▶ **Directions**:
Please reproduce exactly, and only, the lines from the one with "for Easy Bread" through the last line of the listing below, both ends included, leaving out the pictures.

▶ **Recorded information**:

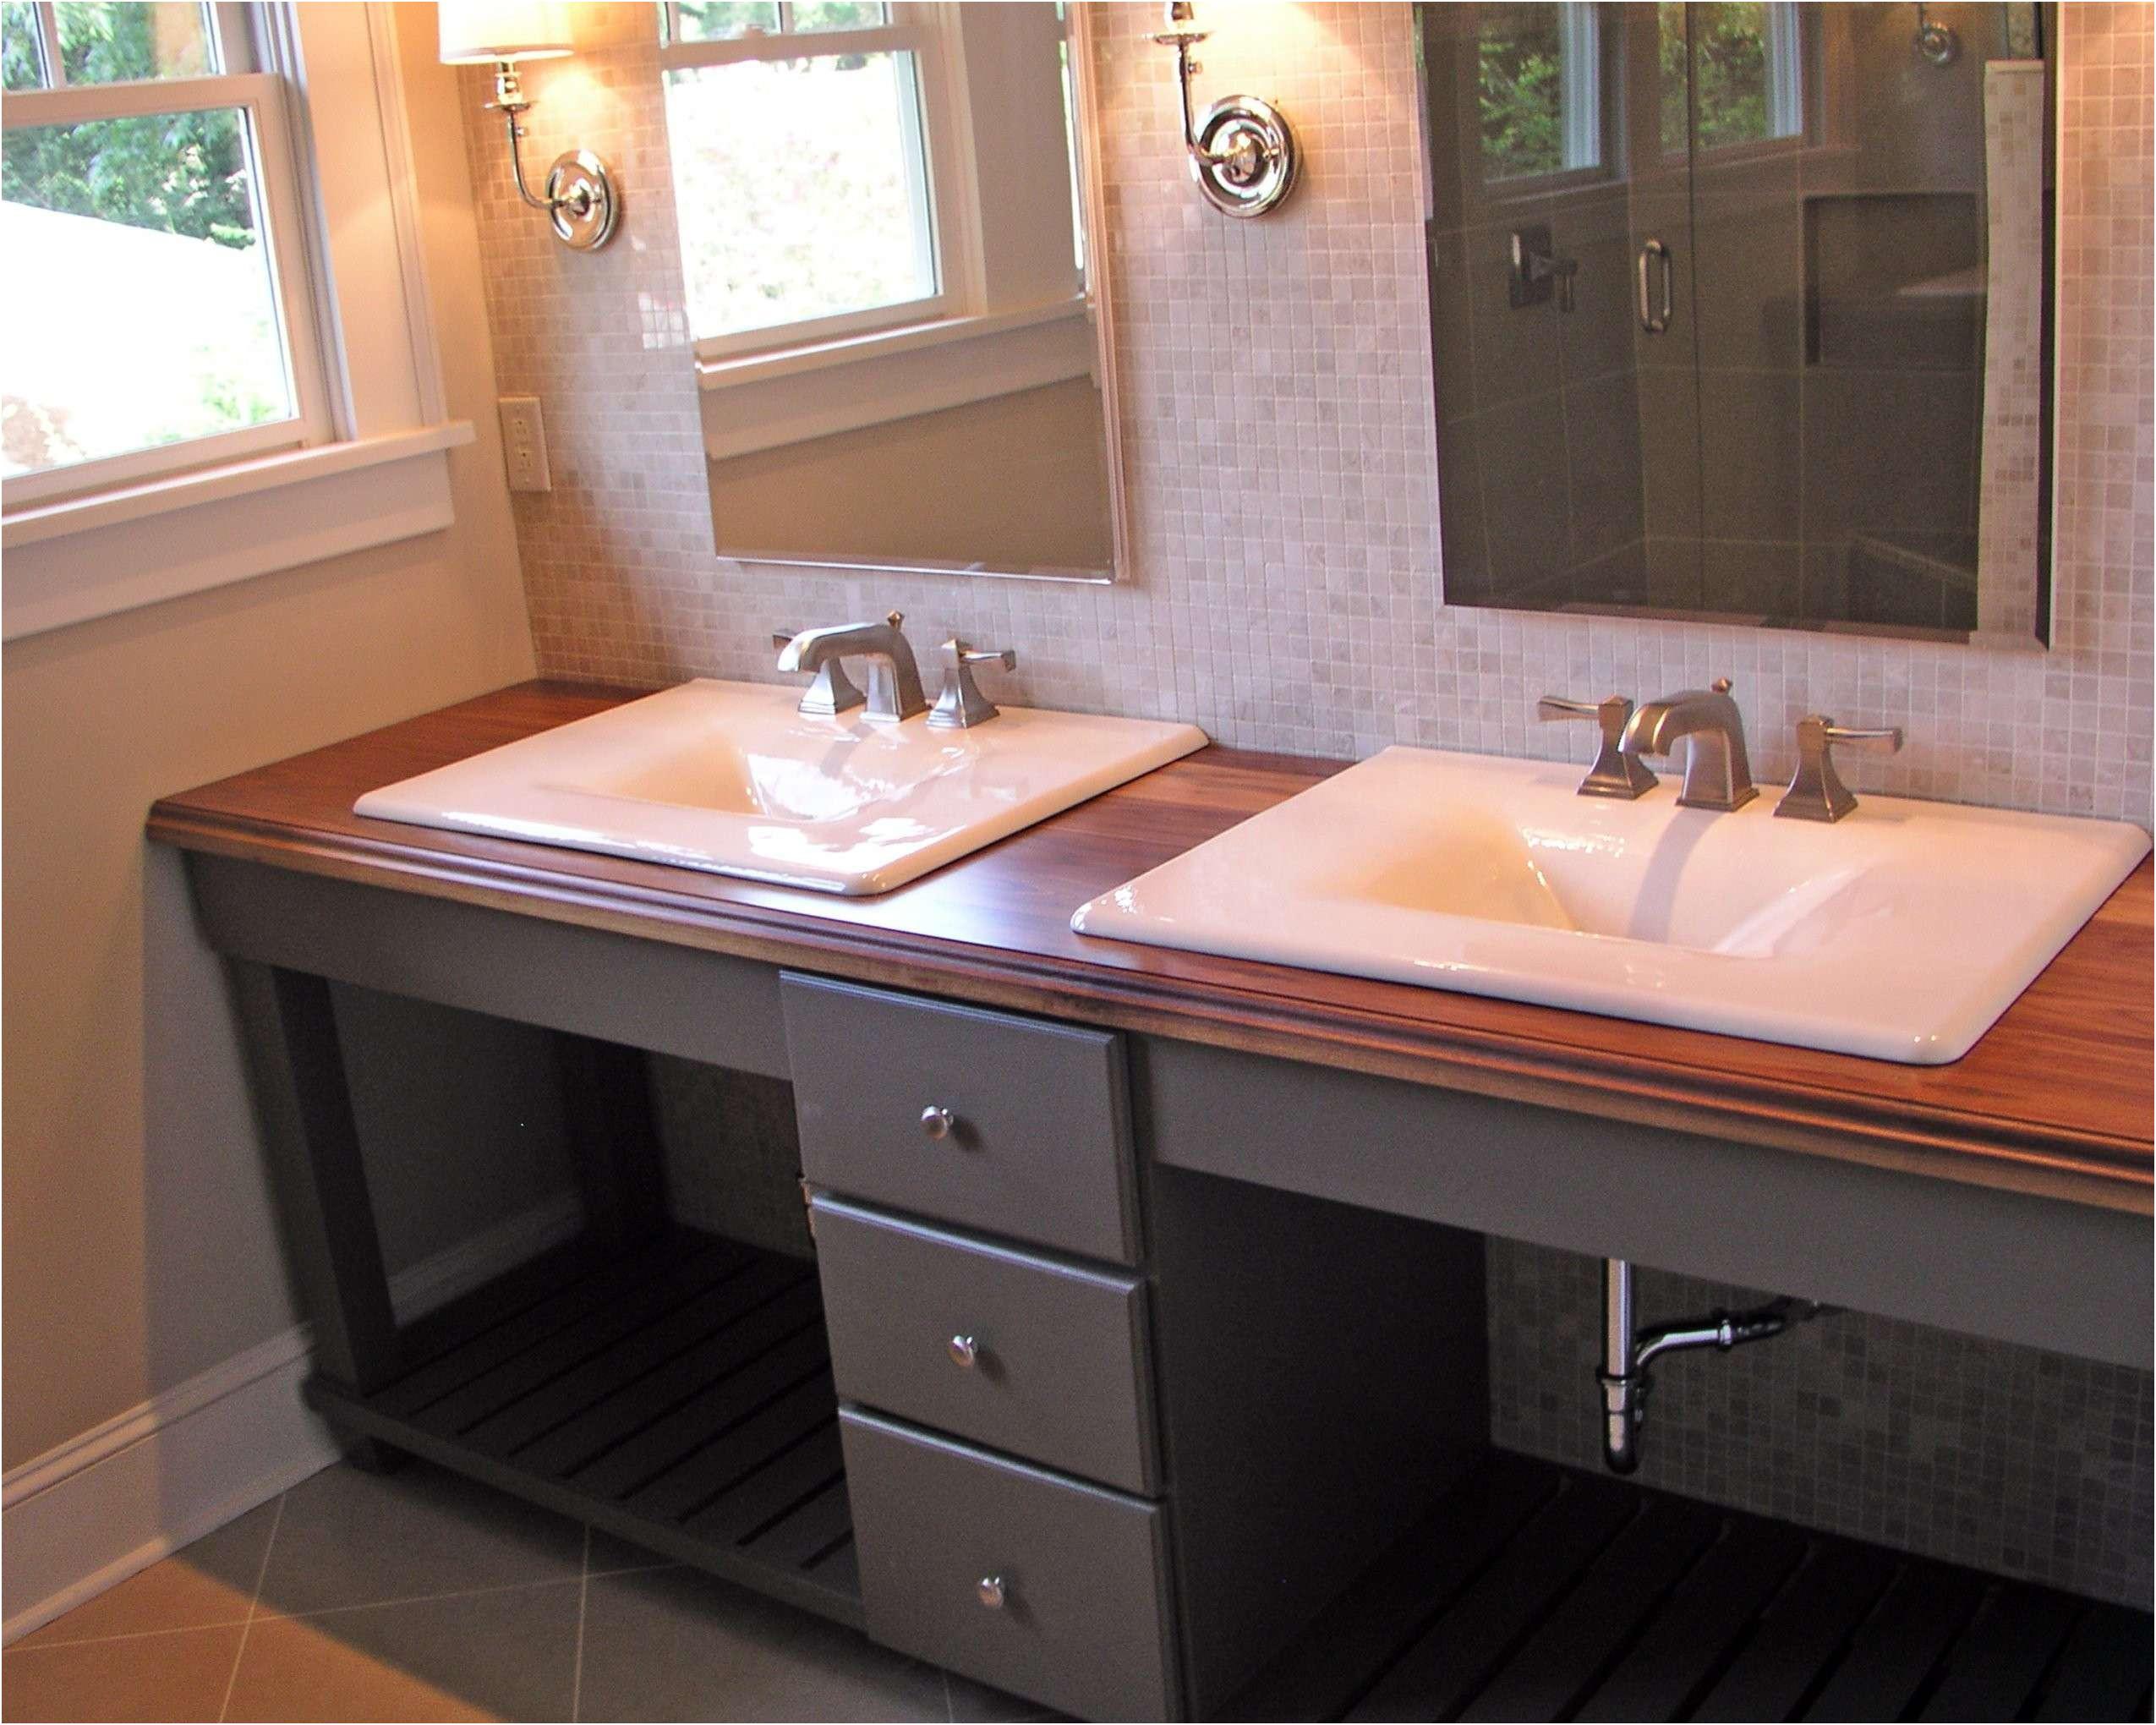 Inspirational Sink Bowls for Bathrooms
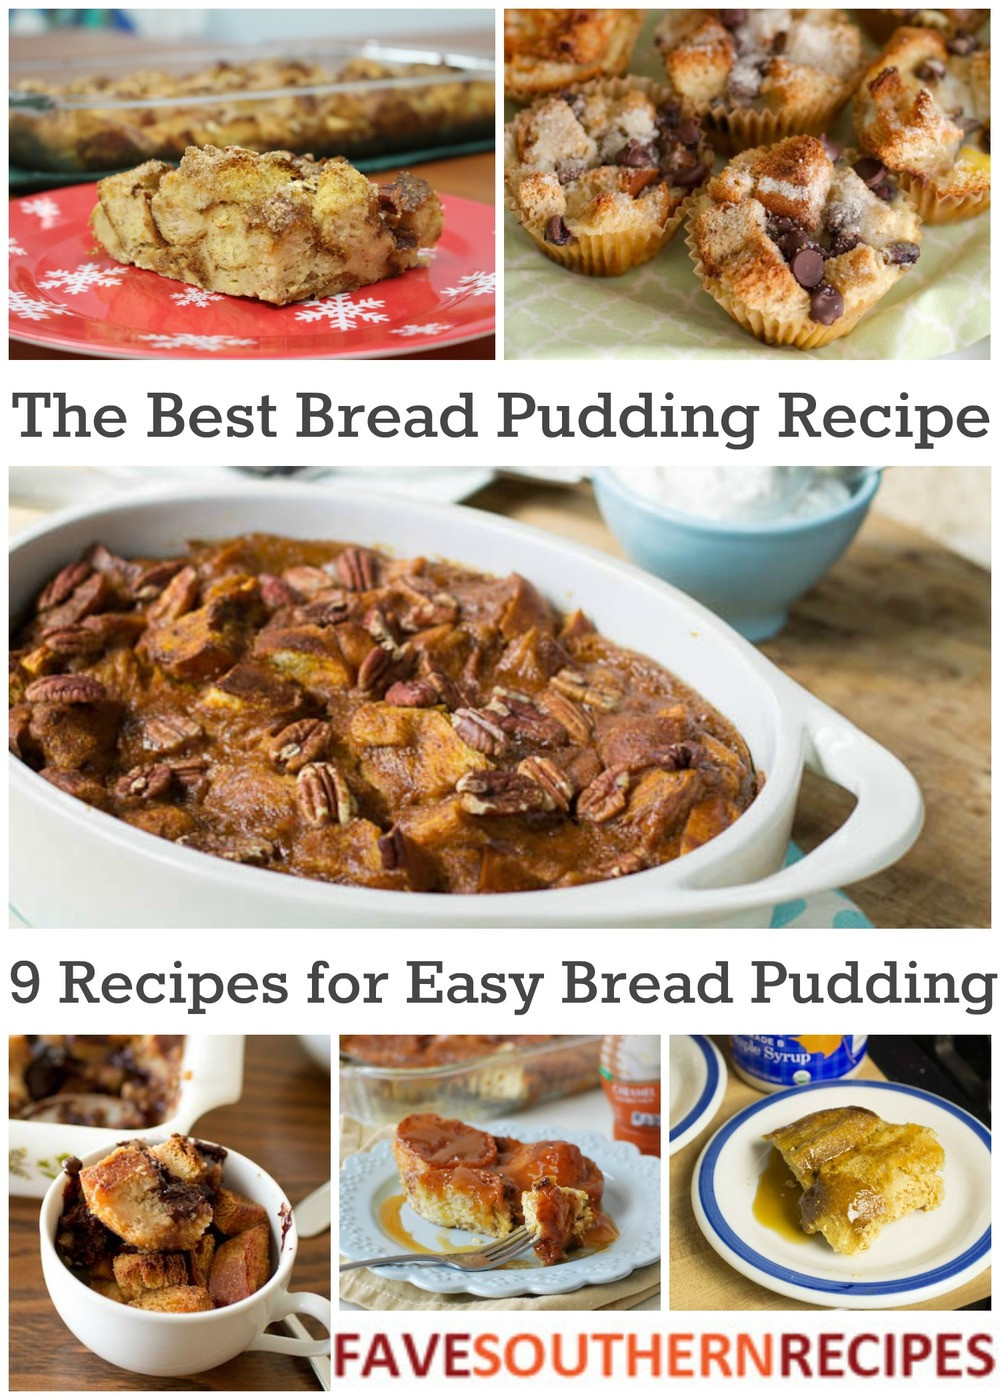 Best Bread Pudding Recipe  The Best Bread Pudding Recipe 9 Recipes for Easy Bread
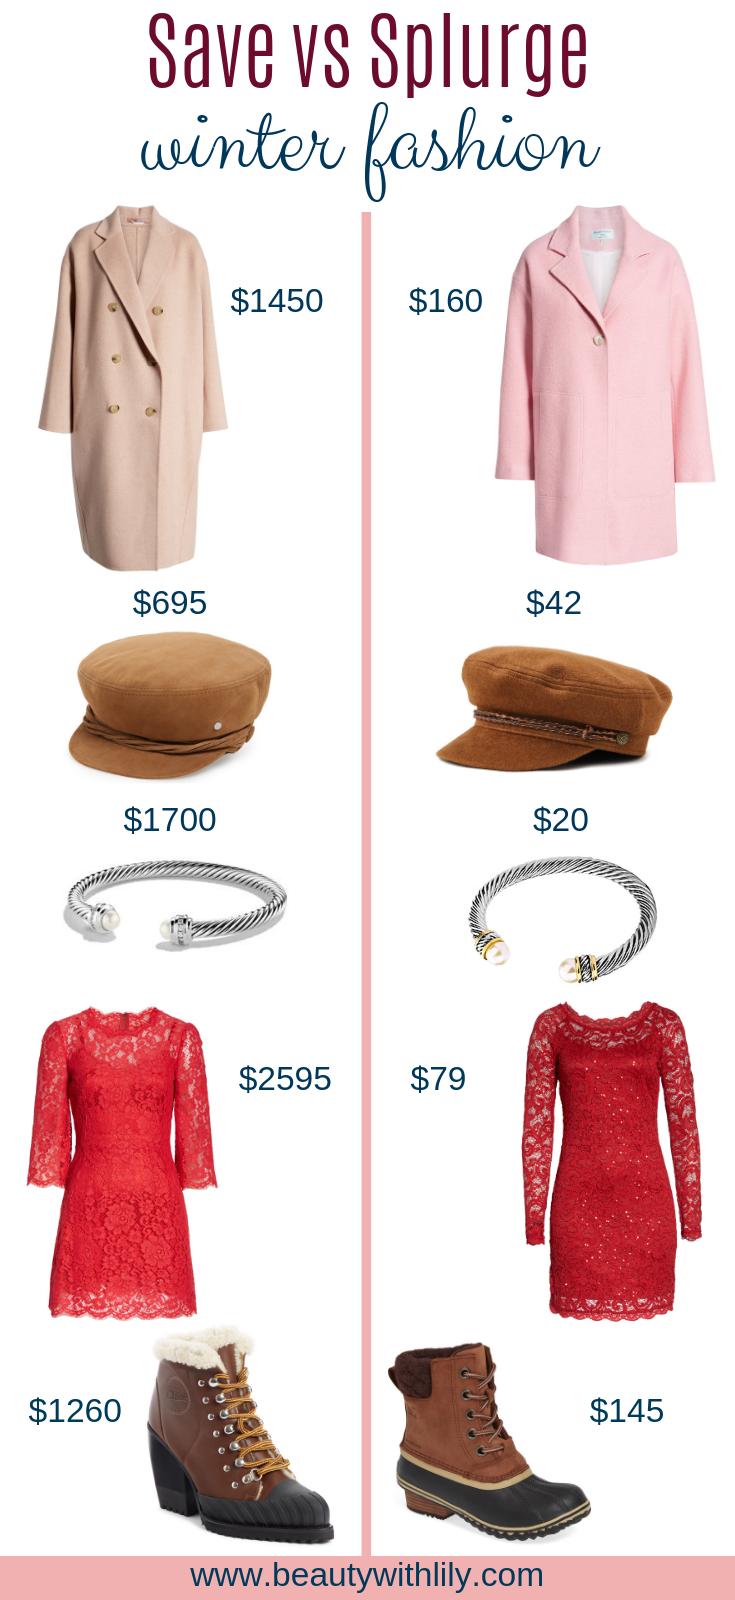 Save vs Splurge Winter Fashion // Winter Fashion // Winter Fashion Ideas // Designer Dupes // Affordable Fashion | Beauty With Lily #fashionblogger #designerdupes #affordablefashion

▶ **Written reply**:
 Best Bread Pudding Recipe  The Best Bread Pudding Recipe 9 Recipes for Easy Bread
 Save vs Splurge Winter Fashion // Winter Fashion // Winter Fashion Ideas // Designer Dupes // Affordable Fashion | Beauty With Lily #fashionblogger #designerdupes #affordablefashion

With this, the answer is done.